Nearly everyone has done some manner of observing of the material universe. No one has seen all there is to see about an organism, for example, but there is certainly no dearth of organisms available for further study. There is no valid reason for accepting the opinion of Professor Blotz of the Blitz University, who said in 1933 that schizophrenics were schizophrenics, and that made them schizophrenics for all time.
If you are interested in the manifestation of insanity, there is any and every form of insanity that you could hope to see in a lifetime in almost any part of the world. Study the peculiarities of the people around you and wonder what they would be like if their little peculiarities were magnified a hundred fold. You may find that by listing all the observable peculiarities you would have a complete list of all the insanity’s in the world. This list might well be far more accurate than that which was advanced by Kraepelin and used in the United States today.
If sanity is rationality and insanity is irrationality, and you postulated how irrational people would be if certain of their obsessions were magnified a hundred fold, you might well have in your possession a far more accurate and complete list of insanity’s and their manifestations than is currently in existence.

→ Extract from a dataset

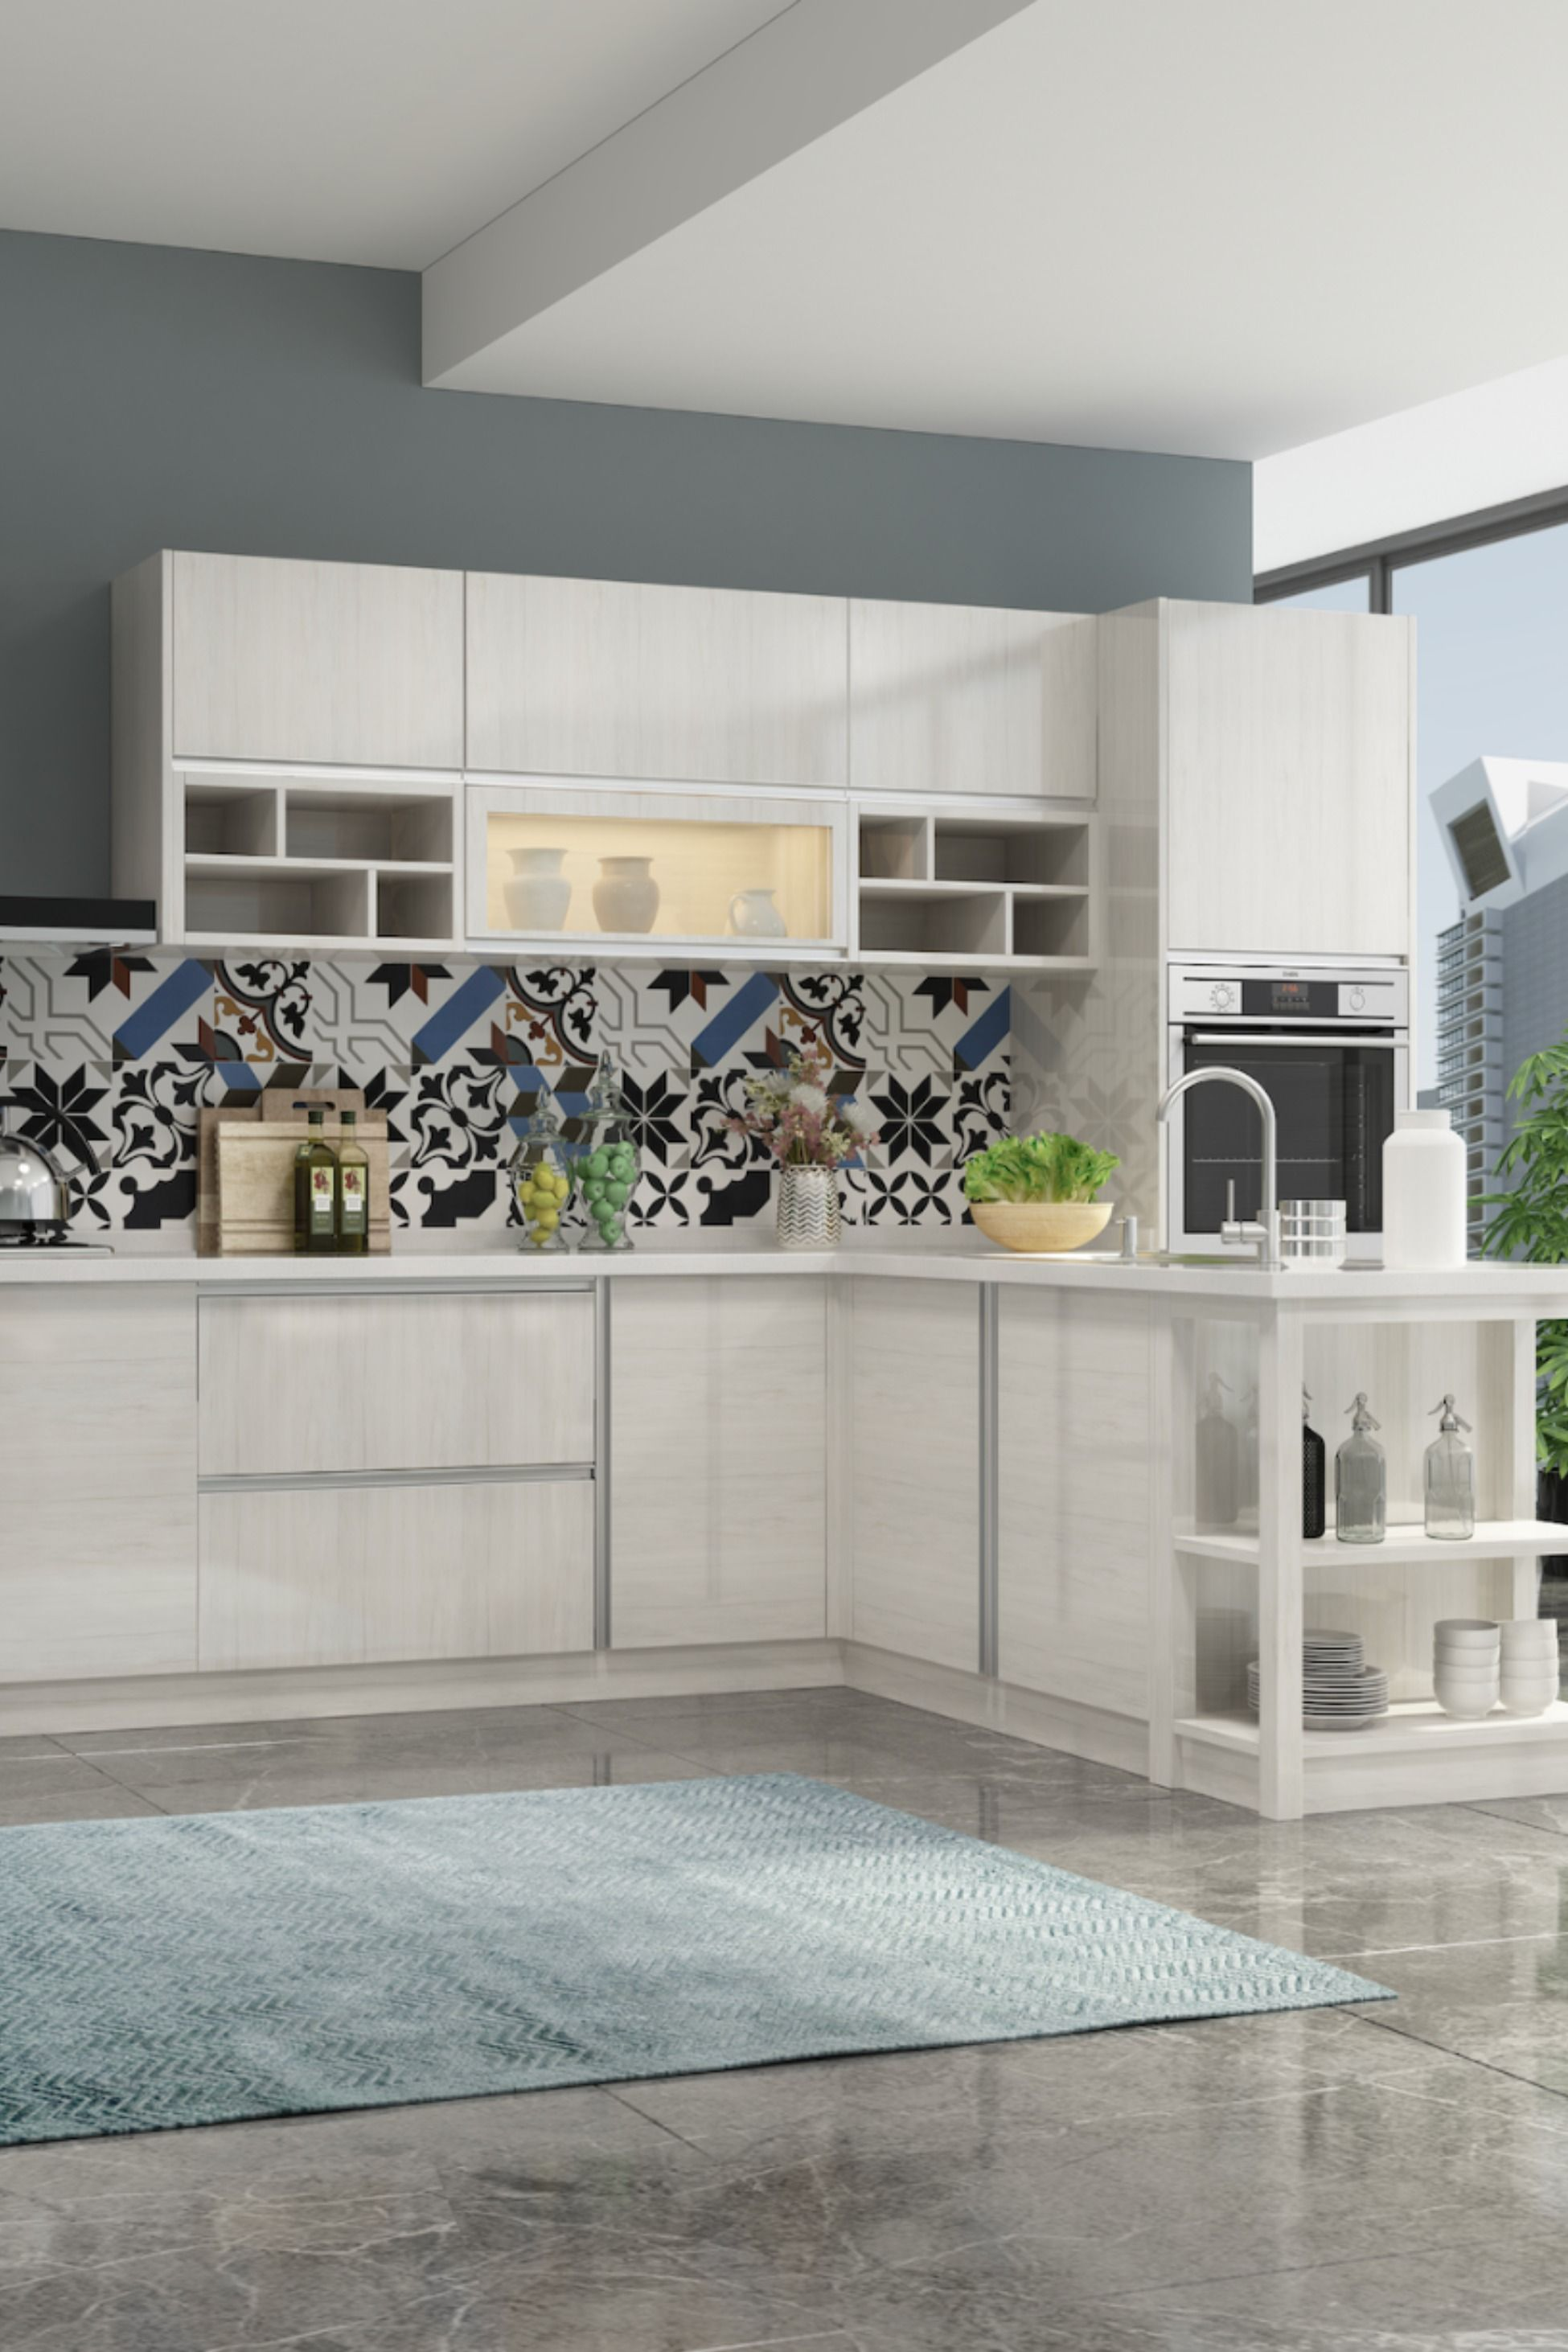 White Kitchen Cabinets In 2020 Kitchen Cabinets White Kitchen Cabinets Kitchen Cabinet Colors

So, the only advice I can give to the student is to study a subject for itself and use it exactly as stated, then form his own opinions. Study it with the purpose in mind of arriving at his own conclusions as to whether or not the tenets he has assimilated are correct and workable. Compare what you have learned with the known universe. Seek for the reasons behind a manifestation, and postulate the manner and in which direction the manifestation will likely proceed. Do not allow the Authority of any one person or school of thought to create a foregone conclusion within your sphere of knowledge. Only with these principles of education in mind can you become a truly educated individual.